A contributor asks, “has sb reported shorter clotting times when using 3.8% (0.129M) sodium citrate tubes than 3.2% (0.109M) tubes? literature and the logic says the opposite.”
Hello, and thank you for your question. I’m unsure of your reference to “sb,” however I agree that it is logical to presume that the 3.8% sodium citrate concentrations used in blue-closure coagulation tubes before 2000 could factitiously prolong prothrombin times and partial thromboplastin times, especially if the tubes were underfilled to 90% or less. Several publications in the late 1990s confirmed this, perhaps the most definitive wereAdcock DM, Kressin DC, Marlar RA, Minimum specimen volume requirements for routine coagulation testing: dependence on citrate concentration. Am J Clin Pathol 1998;109:595–9, and McGlasson DL, A review of variables affecting PTs/INRs. Clin Lab Sci 1999;12):353–8, upon which the recommendations in CLSI H21-A5 are based. Indeed, 3.8% tubes are no longer readily available.

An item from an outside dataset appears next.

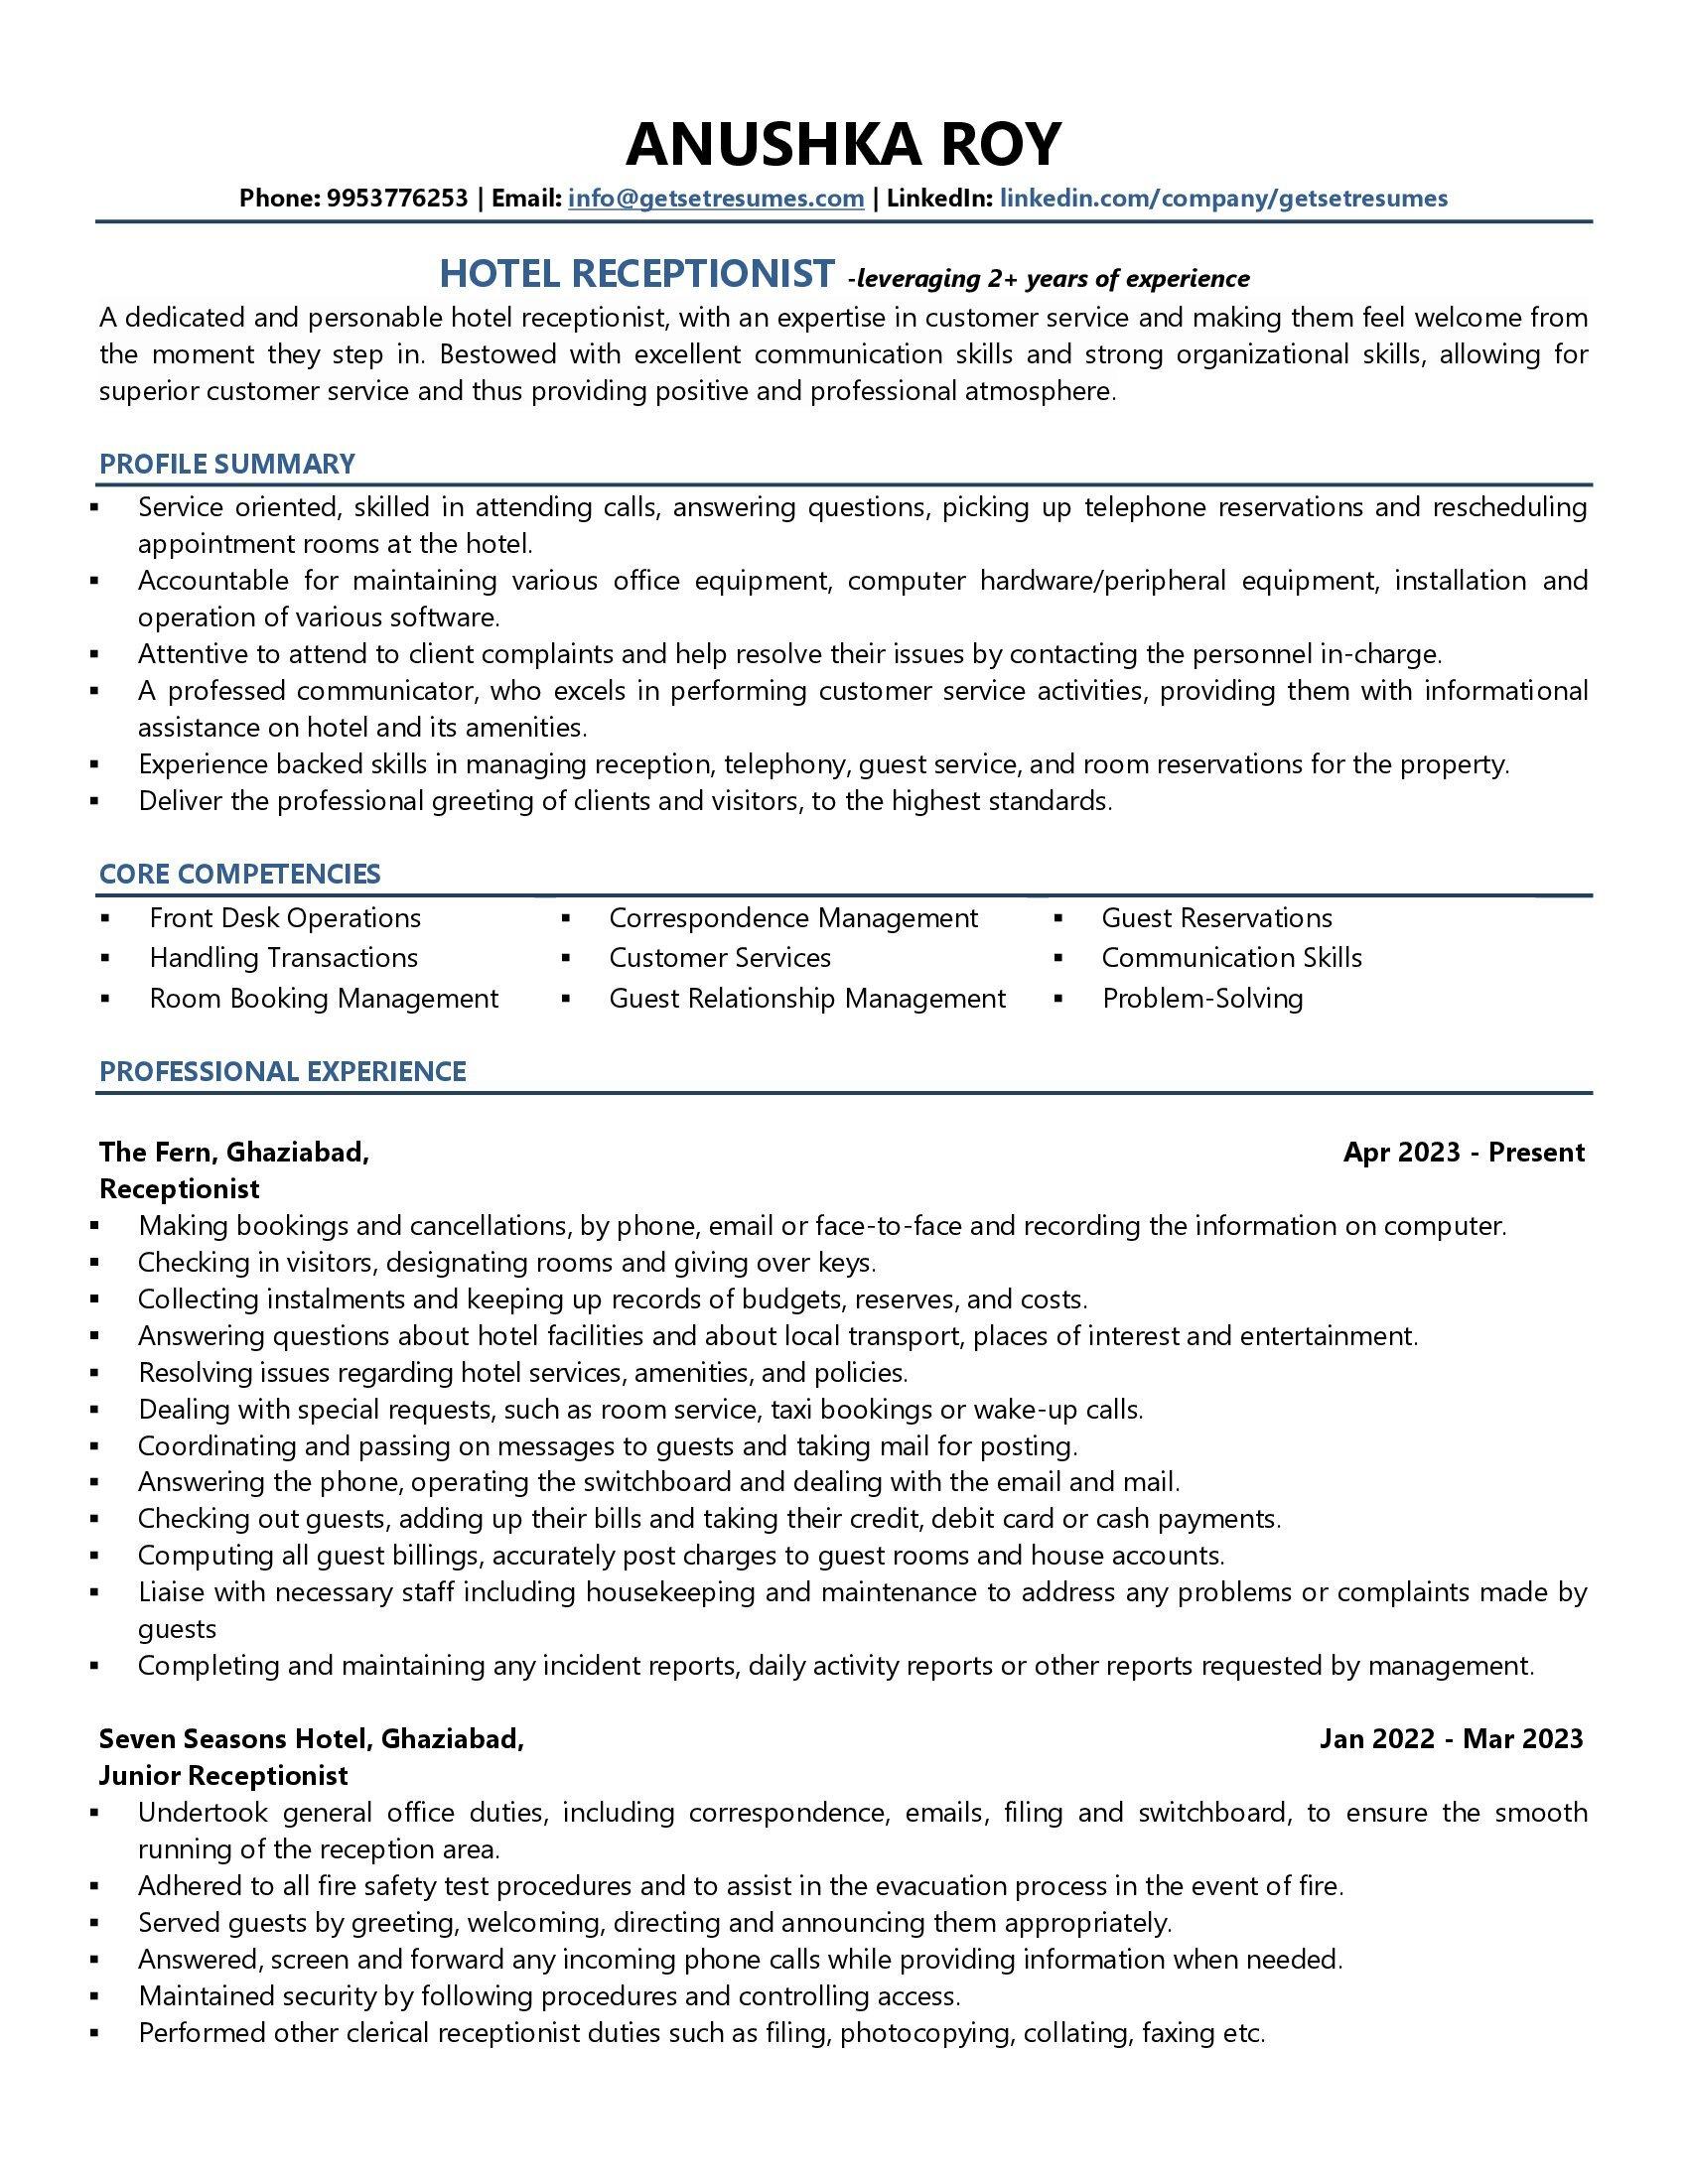 Hotel Receptionist - Resume Example & Template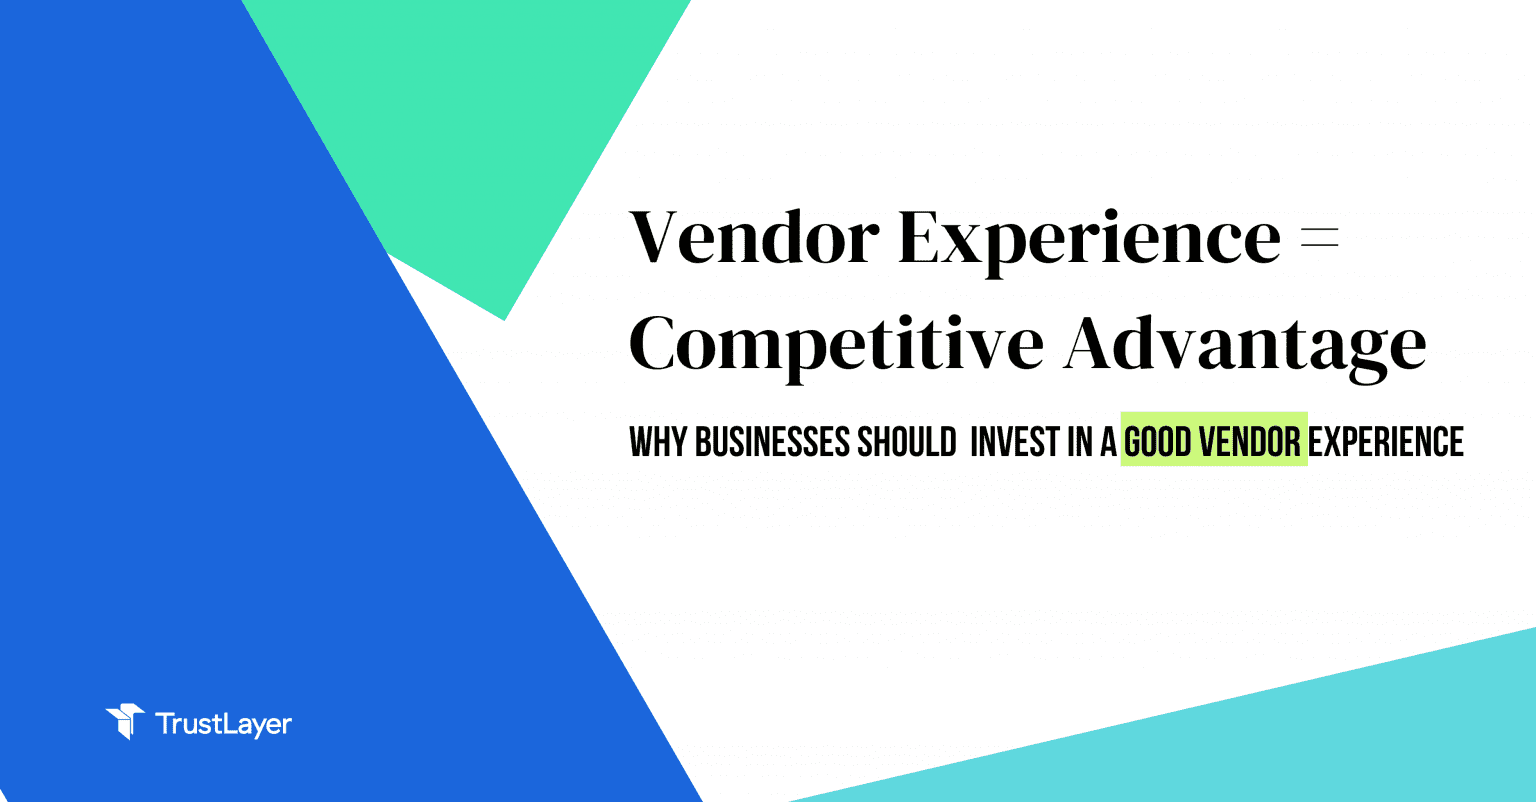 Why Businesses Should Take the Time to Invest in a Good Vendor Experience

One caveat, the switch from 3.8% to 3.2% sodium citrate was never validated for platelet aggregometry, and there may be instances in which 3.8% citrate provides better clinical efficacy, as documented in McGlasson DL, Shah AD, Fritsma GA. Ability of the INNOVANCE PFA P2Y system to detect clopidogrel-induced ADP receptor blockade in preangiocath individuals. Blood Coagul Fibrinolysis. 2011;22 :583–7. If you choose to act on this concern, you may have to prepare your own tubes. Geo.